**Assignment:**
Starting with the line below that holds "James and Lottie Red Pima Knit Leggings" and stopping after the line that holds "2 Bedroom on", transcribe the lines exactly, leaving out all pictures.

**Task inputs:**
------------------------------------------------------------------------

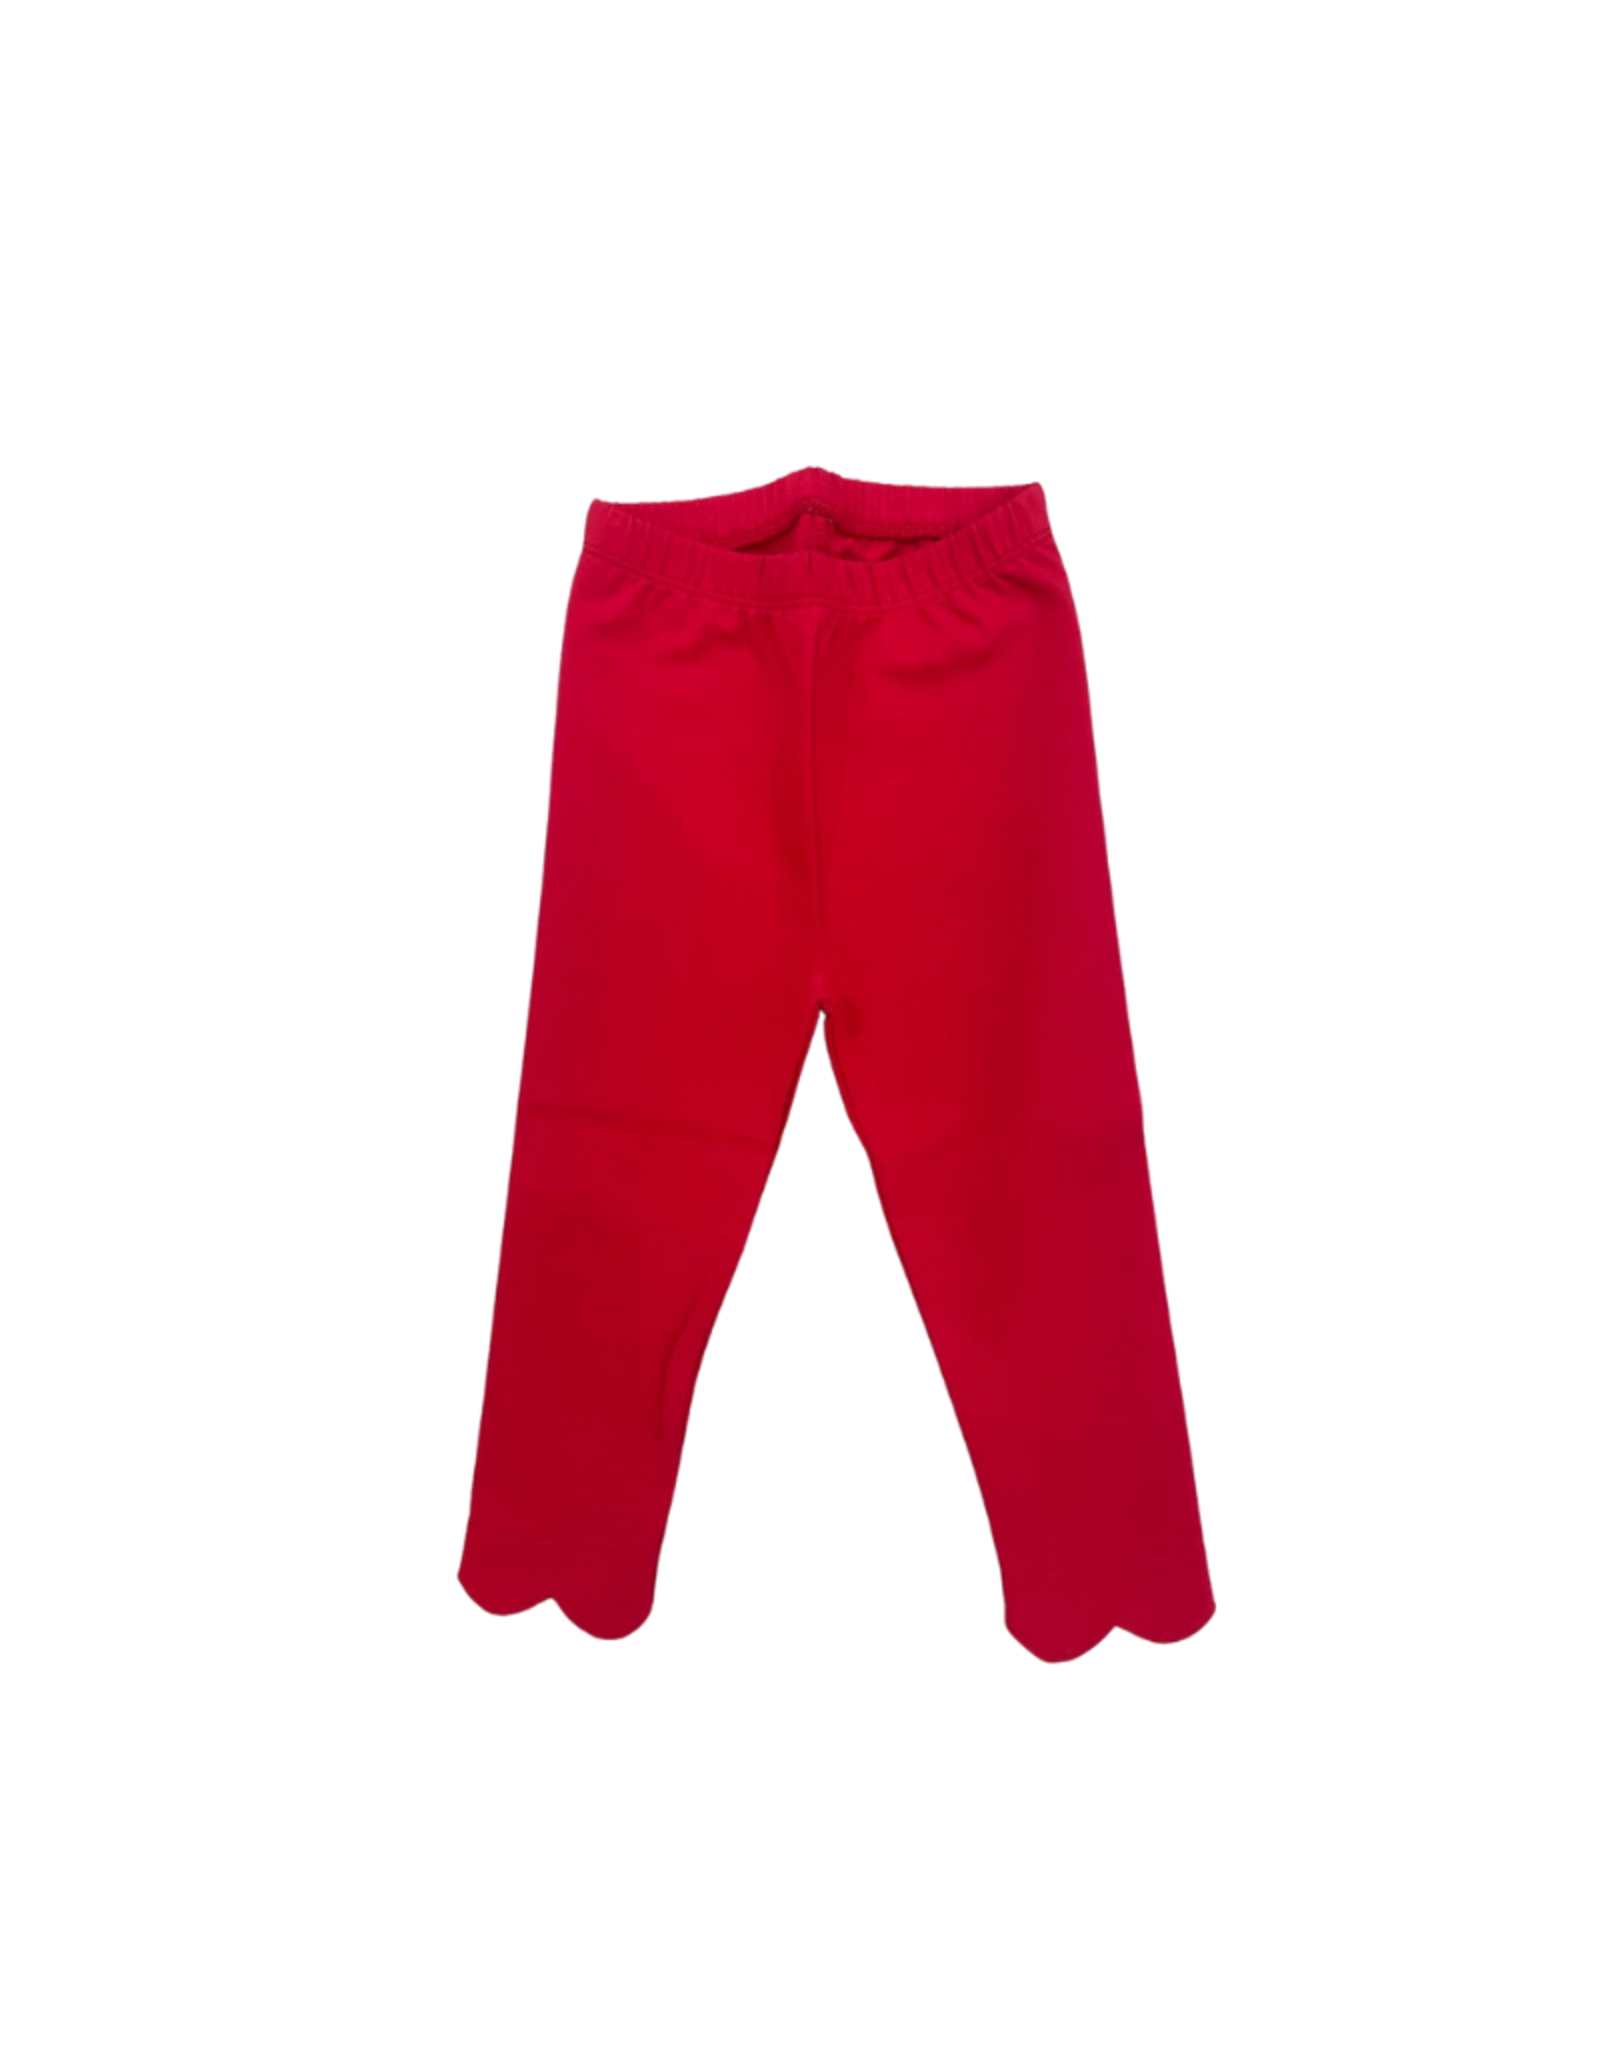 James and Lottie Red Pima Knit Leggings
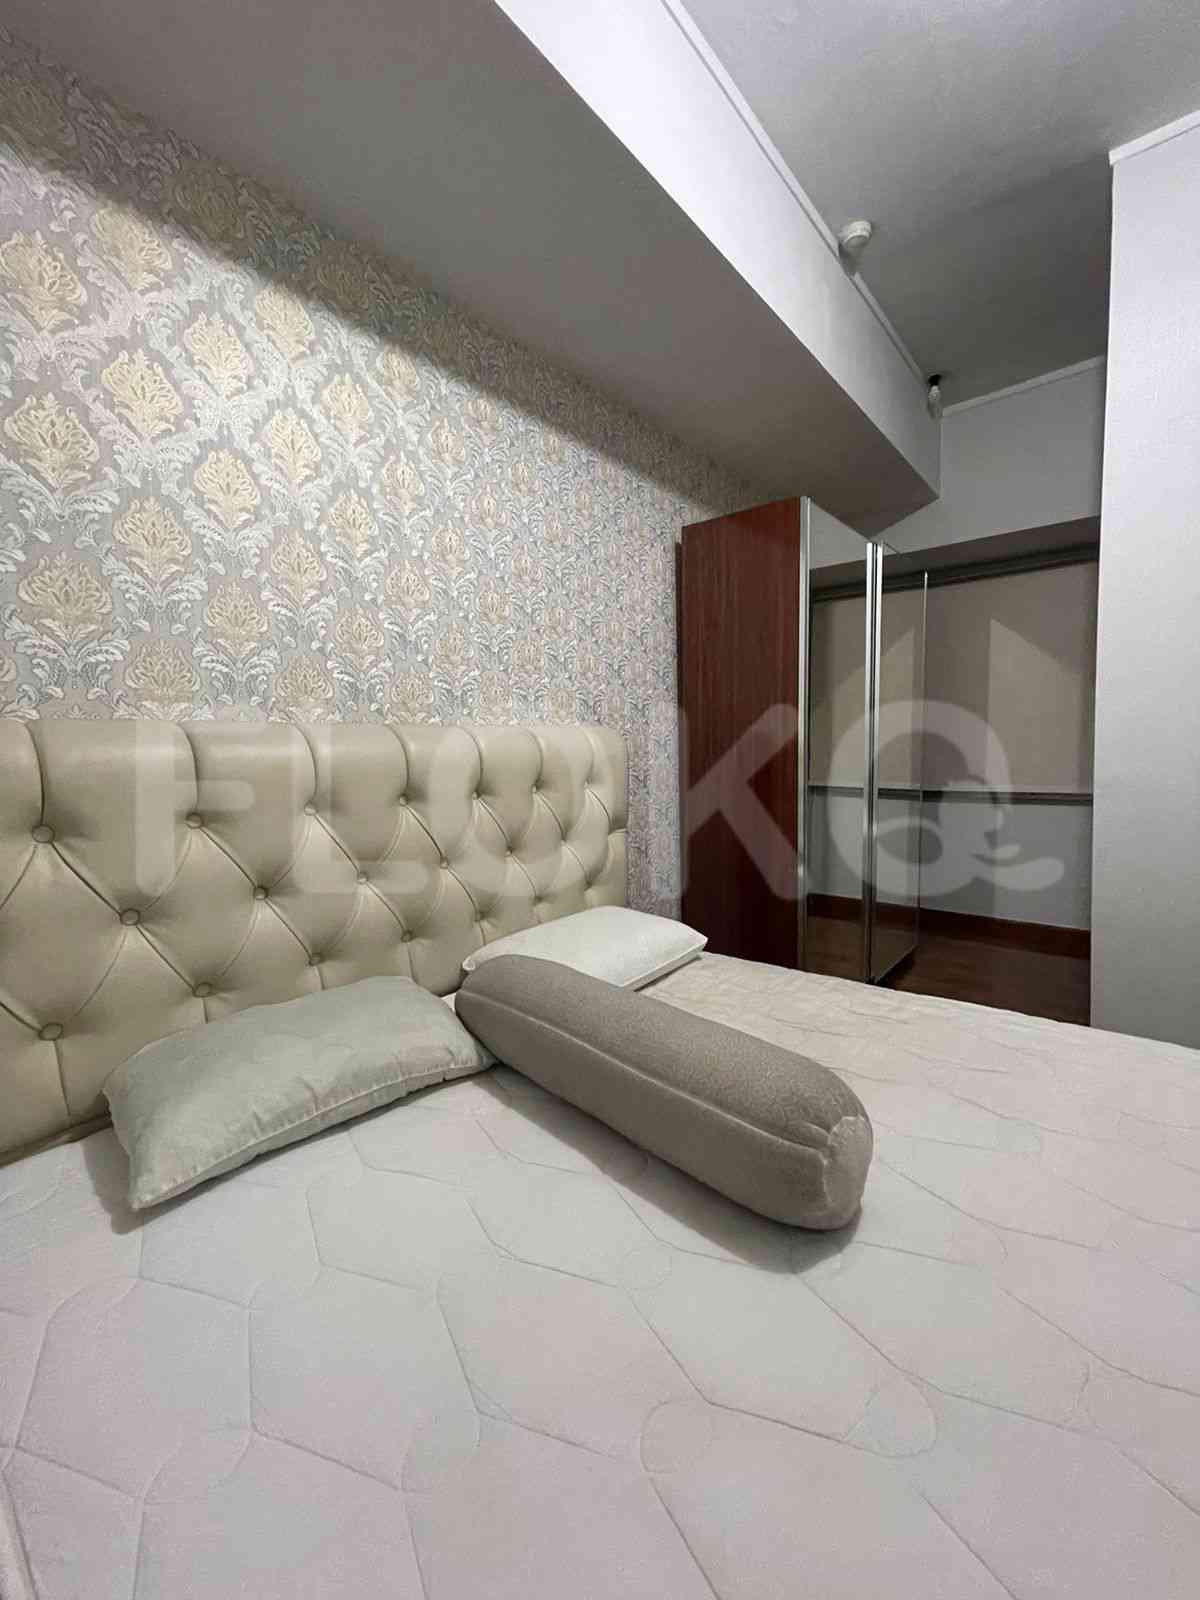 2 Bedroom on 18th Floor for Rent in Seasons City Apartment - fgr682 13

------------------------------------------------------------------------

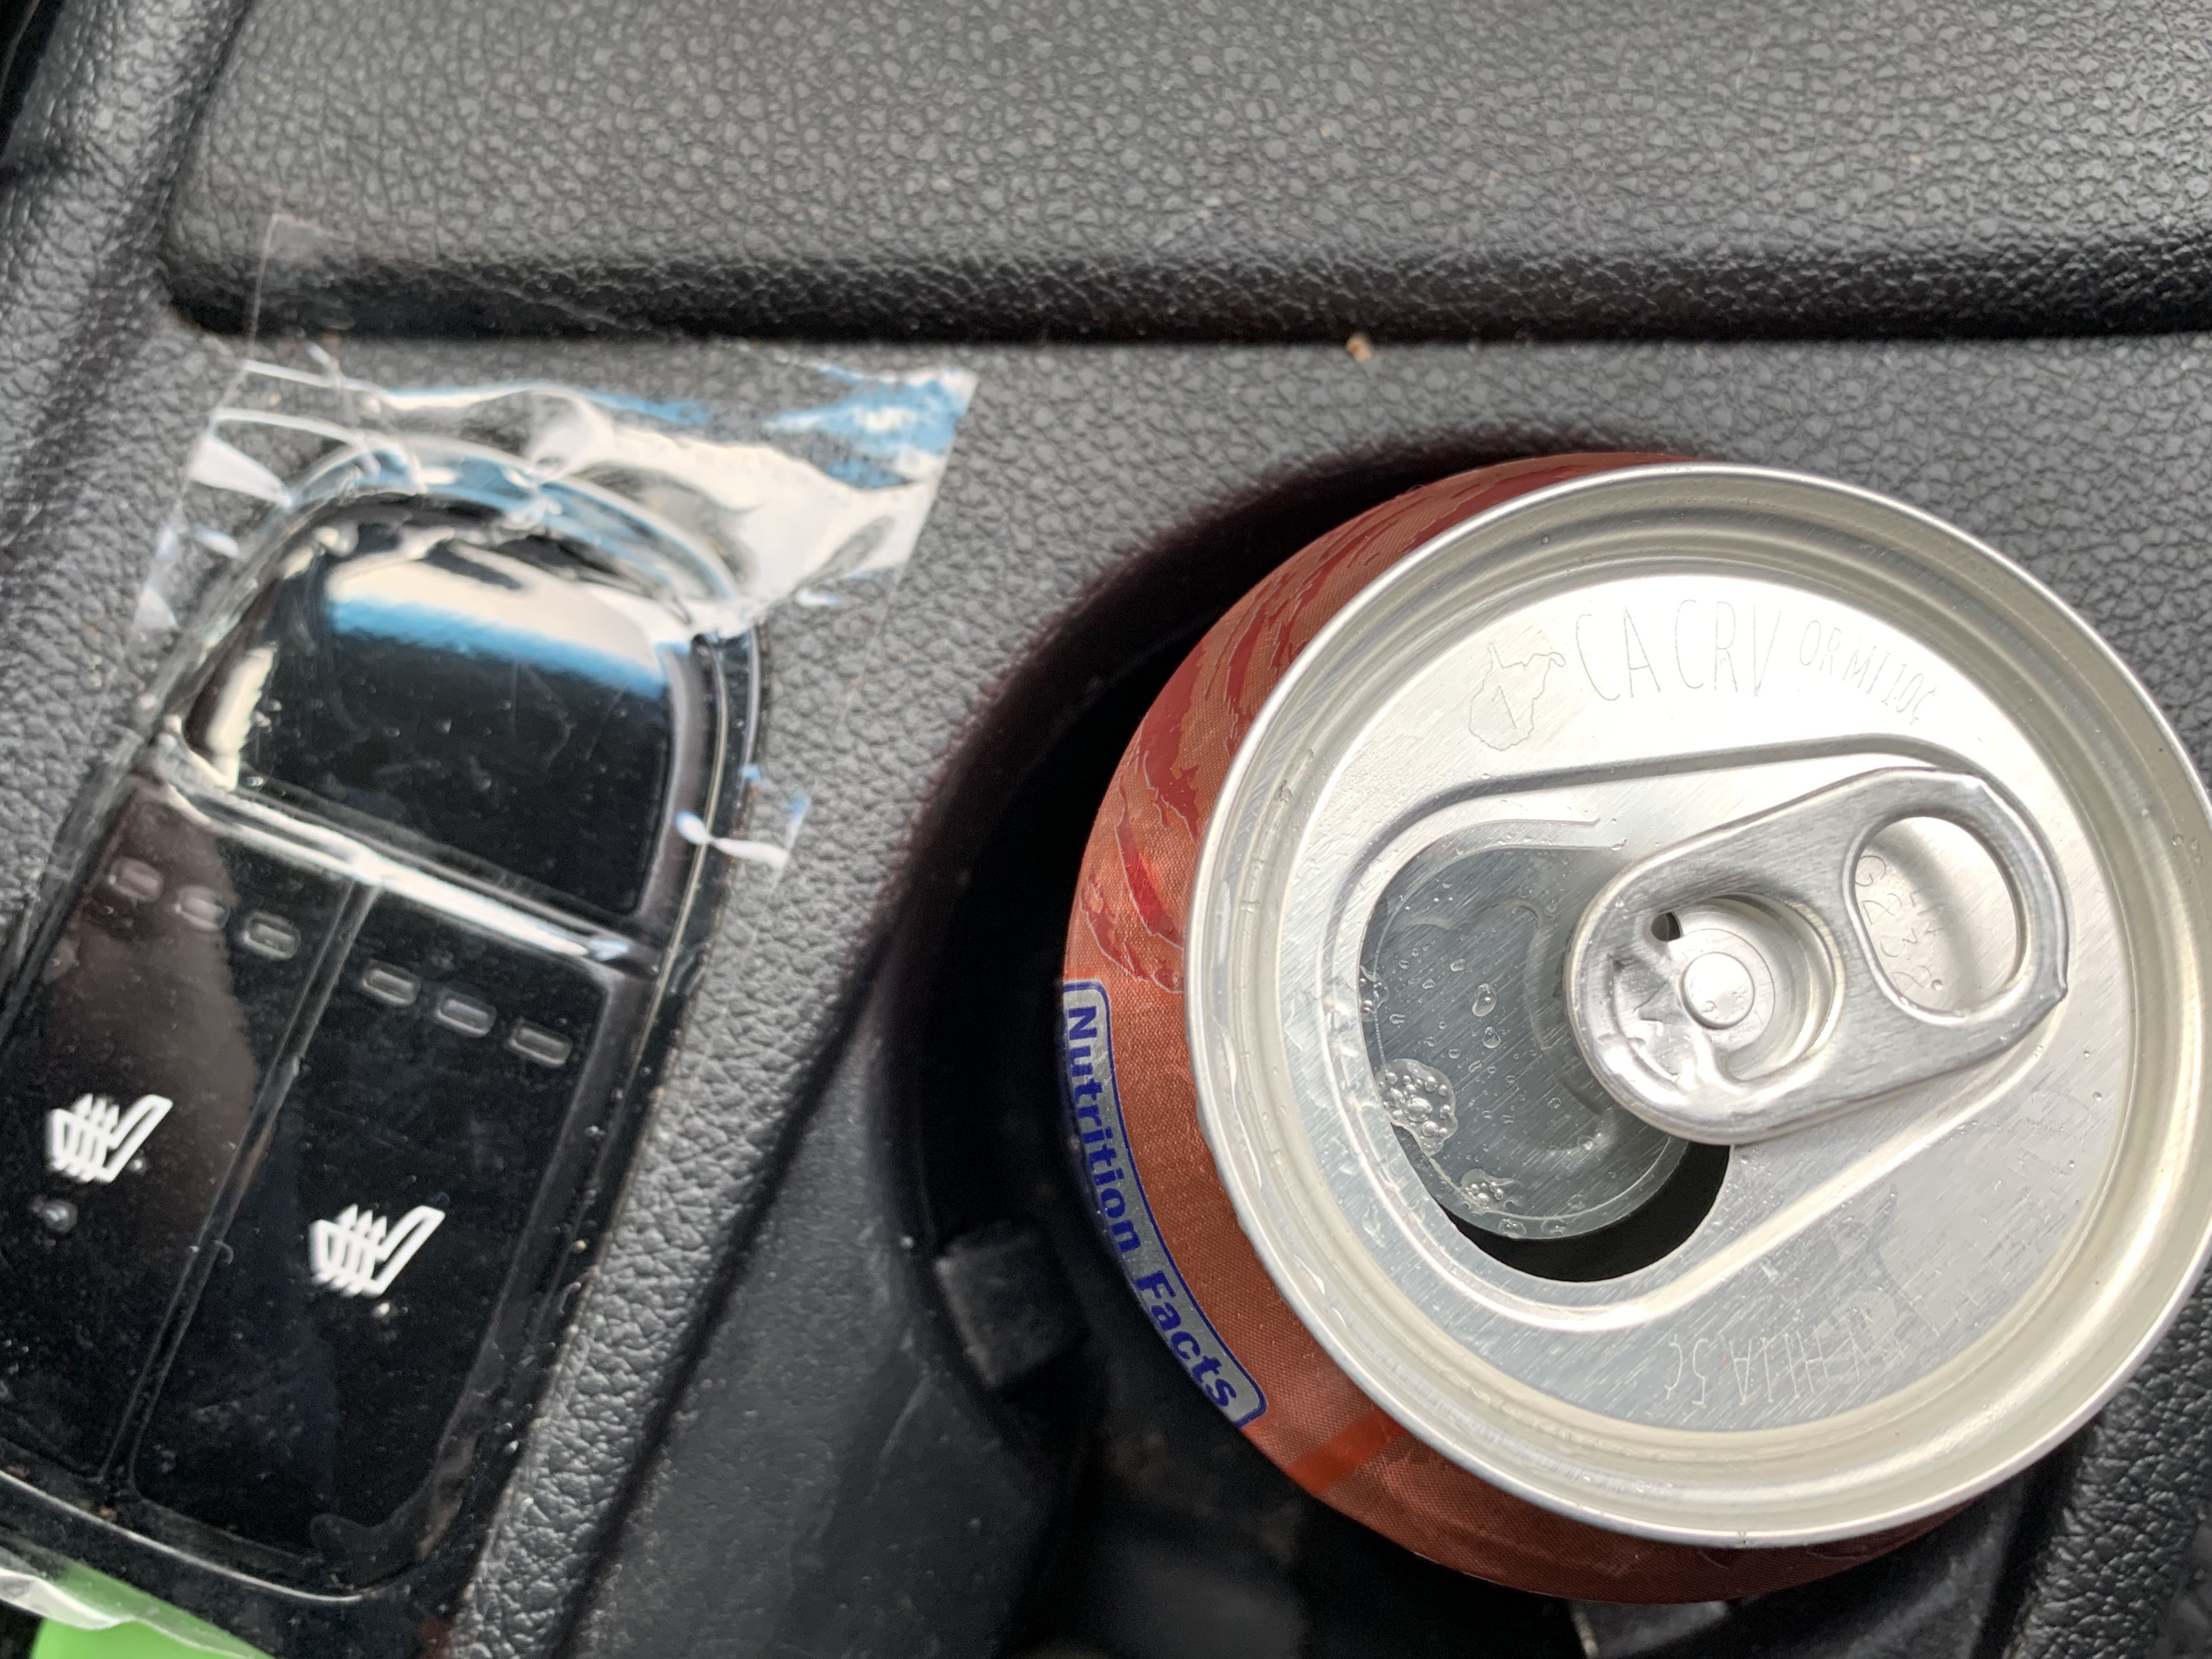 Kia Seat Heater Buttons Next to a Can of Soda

------------------------------------------------------------------------

**Exercise output:**
 James and Lottie Red Pima Knit Leggings
 2 Bedroom on 18th Floor for Rent in Seasons City Apartment - fgr682 13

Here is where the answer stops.